Please copy each line below that contains the string "Black".

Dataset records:
=== Section Start ===
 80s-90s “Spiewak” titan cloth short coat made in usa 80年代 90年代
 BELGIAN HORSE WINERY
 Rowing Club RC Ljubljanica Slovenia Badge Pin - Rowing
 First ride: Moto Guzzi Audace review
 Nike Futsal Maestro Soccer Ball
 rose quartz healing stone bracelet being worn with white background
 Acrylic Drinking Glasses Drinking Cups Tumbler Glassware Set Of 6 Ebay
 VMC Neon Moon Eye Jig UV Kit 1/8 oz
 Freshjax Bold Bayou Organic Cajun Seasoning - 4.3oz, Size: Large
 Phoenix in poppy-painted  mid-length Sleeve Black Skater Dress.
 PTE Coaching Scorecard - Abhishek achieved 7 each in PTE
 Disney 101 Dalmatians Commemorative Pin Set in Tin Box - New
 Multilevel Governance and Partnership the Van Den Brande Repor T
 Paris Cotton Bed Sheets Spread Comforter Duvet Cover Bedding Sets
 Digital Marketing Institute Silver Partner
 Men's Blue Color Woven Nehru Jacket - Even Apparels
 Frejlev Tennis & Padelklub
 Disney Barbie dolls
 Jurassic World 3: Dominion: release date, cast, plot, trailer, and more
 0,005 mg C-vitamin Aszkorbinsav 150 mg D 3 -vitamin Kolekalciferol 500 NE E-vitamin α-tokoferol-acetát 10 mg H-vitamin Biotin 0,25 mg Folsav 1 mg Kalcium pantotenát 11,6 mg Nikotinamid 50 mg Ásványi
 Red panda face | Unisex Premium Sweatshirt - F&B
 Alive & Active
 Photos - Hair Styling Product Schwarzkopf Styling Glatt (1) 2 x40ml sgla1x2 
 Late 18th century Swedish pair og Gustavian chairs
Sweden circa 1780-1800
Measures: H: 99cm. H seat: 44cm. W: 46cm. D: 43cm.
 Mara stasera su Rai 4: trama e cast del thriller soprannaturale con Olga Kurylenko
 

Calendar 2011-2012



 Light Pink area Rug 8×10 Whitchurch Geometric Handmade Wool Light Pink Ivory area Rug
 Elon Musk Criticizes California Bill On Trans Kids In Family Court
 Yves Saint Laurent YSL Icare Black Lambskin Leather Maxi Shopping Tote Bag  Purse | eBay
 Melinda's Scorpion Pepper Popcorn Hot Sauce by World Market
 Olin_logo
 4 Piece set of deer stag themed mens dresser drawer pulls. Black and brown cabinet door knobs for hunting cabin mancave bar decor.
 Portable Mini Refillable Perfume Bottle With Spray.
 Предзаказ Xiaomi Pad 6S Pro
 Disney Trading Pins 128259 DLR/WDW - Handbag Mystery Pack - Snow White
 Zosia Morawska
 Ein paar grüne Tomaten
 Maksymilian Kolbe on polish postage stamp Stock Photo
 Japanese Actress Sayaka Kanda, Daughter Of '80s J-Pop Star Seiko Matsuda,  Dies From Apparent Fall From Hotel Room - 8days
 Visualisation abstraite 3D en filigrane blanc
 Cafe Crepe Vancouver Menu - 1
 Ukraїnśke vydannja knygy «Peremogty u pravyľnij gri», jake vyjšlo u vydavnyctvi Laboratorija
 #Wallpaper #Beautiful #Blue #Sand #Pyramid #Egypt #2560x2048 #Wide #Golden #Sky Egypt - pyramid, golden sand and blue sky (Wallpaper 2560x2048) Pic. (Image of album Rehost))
=== Section End ===
→ **EXERCISE SOLUTION**
 Phoenix in poppy-painted  mid-length Sleeve Black Skater Dress.
 Yves Saint Laurent YSL Icare Black Lambskin Leather Maxi Shopping Tote Bag  Purse | eBay
 4 Piece set of deer stag themed mens dresser drawer pulls. Black and brown cabinet door knobs for hunting cabin mancave bar decor.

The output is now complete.